Relatively Little Effect of MO-I-500 on SUM149 Cells in Medium Containing Glutamine.
We treated dishes with SUM149-Luc cells with indicated doses of MO-I-500 for 7 days in two different glutamine-containing media: complete medium (top) or glutamine-containing medium with dialyzed fetal bovine serum (bottom). Then we stained the dishes with crystal violet and scanned.
Fig 5.
Relatively Little Effect of MO-I-500 on MA Cells.
We treated dishes with SUM149-MA cells with indicated doses of MO-I-500 for 7 days in a glutamine-containing medium with dialyzed fetal bovine serum (top panel) or in a glutamine-free medium with dialyzed fetal bovine serum (bottom panel). Then we stained the dishes with crystal violet and scanned.
Fig 6.
Reduced FTO and IRX3 Protein Levels Upon MO-I-500 Treatment of SUM149 Cells in Glutamine-Free Medium.

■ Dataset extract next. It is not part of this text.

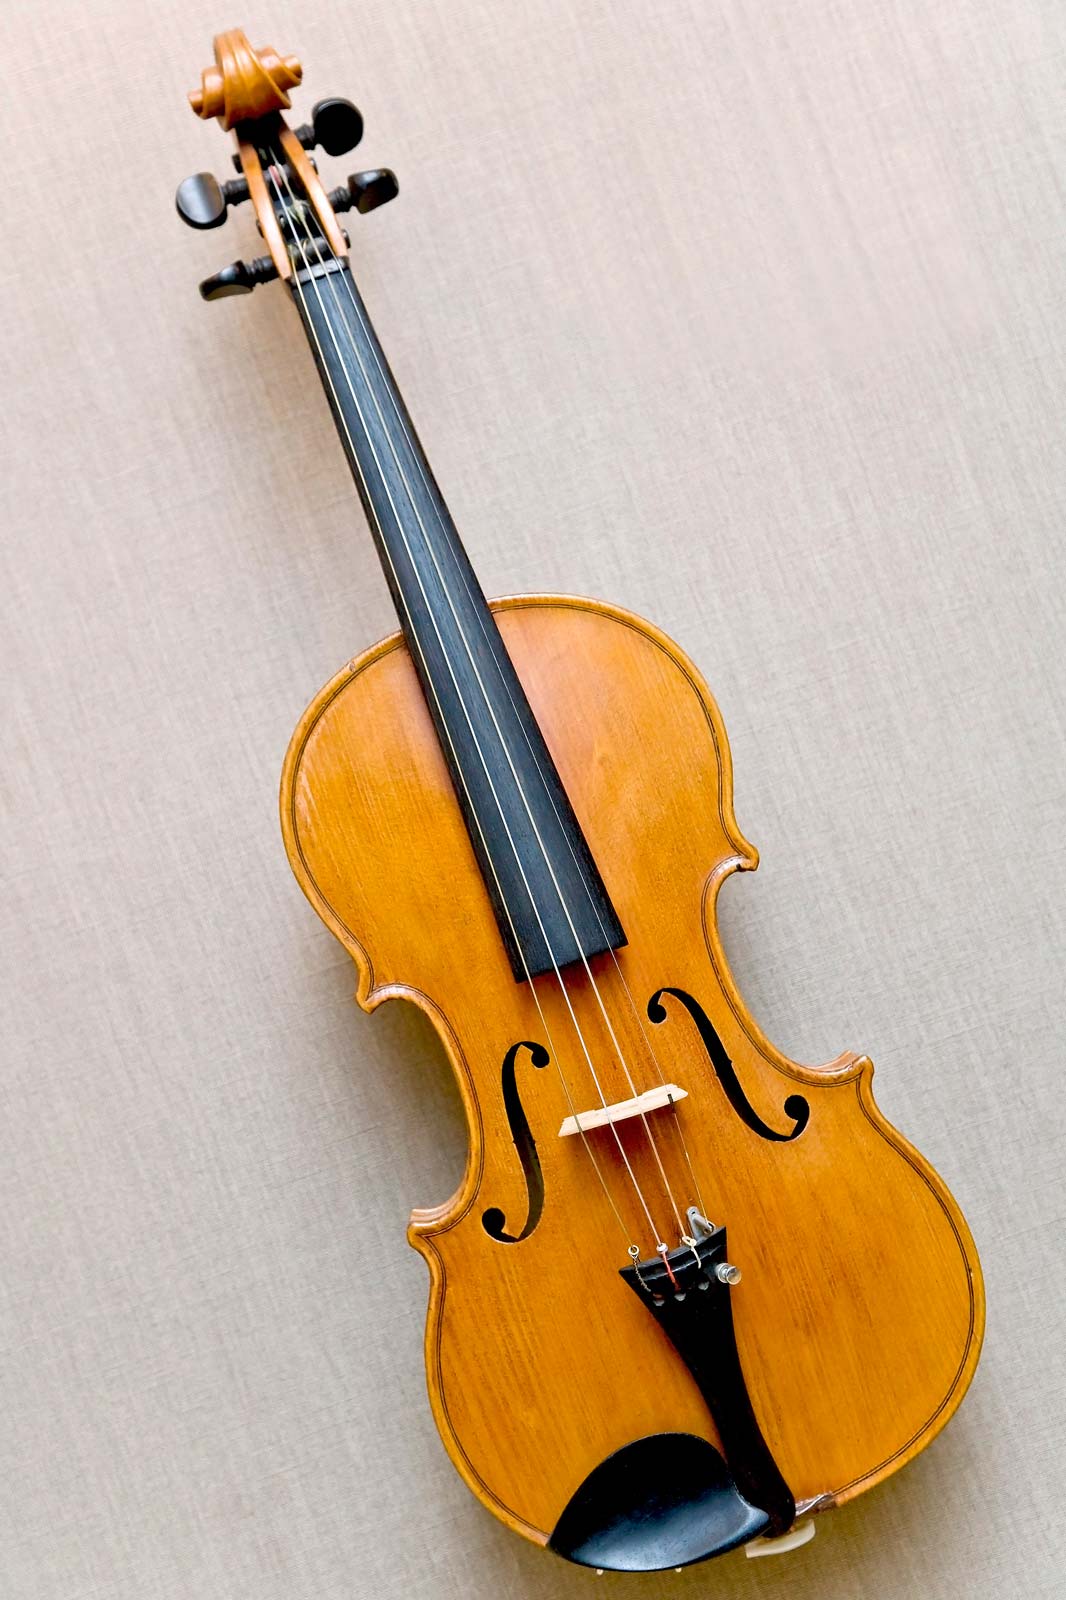 National instrument of Cyprus - Violin

The cell lysates from the SUM149-Luc cells treated with 1.25 μM MO-I-100 (lane 2) or 1.25 μM MO-I-500 (lane 3) in Gln-free medium for 35 days were subjected to western blotting as described in Materials and Methods. Lane 1 was loaded with the lysate from control untreated SUM149-Luc cells after culturing them in glutamine-free medium for 35 days. Western blotting was performed in parallel to detect FTO and IRX3 proteins. We re-probed the filters with an HSP90 antibody as a gel loading and protein transfer controls; re-probe of the IRX3 blot is shown. Relative intensities of bands are shown at the bottom of panels; lane 2 is designated as the control (100% value) since it represents the cells growing under similar conditions as the experimental cells (lane 3).
Fig 7.
A Model Depicting a Snapshot of Evolution-like Process of Breast Cancer.
Cancer progresses through an evolution-like process, which involves selection of adaptable cells under various challenges in the body including therapeutic interventions. A two-way linkage between metabolic state and regulatory state may allow enrichment of fittest cancer cells under metabolic challenges. Our approach involving a challenge of prolonged lack of glutamine in cell culture of a TNBC cell line is intended to enrich the fittest cells that would have a high likelihood of “evolving” to yield metastasis. Our results support this model and suggest that a severe metabolic challenge applied in a setting of high cellular heterogeneity would select rare progenitor-like cells from the majority breast-like cells; it would also co-select genetic and epigenetic alterations that would provide survival advantage in facing a variety of challenges in an evolution-like process ([8], this study). Our results support that progenitor-like cancer cells may utilize energy conservation as a strategy for survival under severe metabolic challenge. We adapted this model from the model presented as Figure 6 in [8].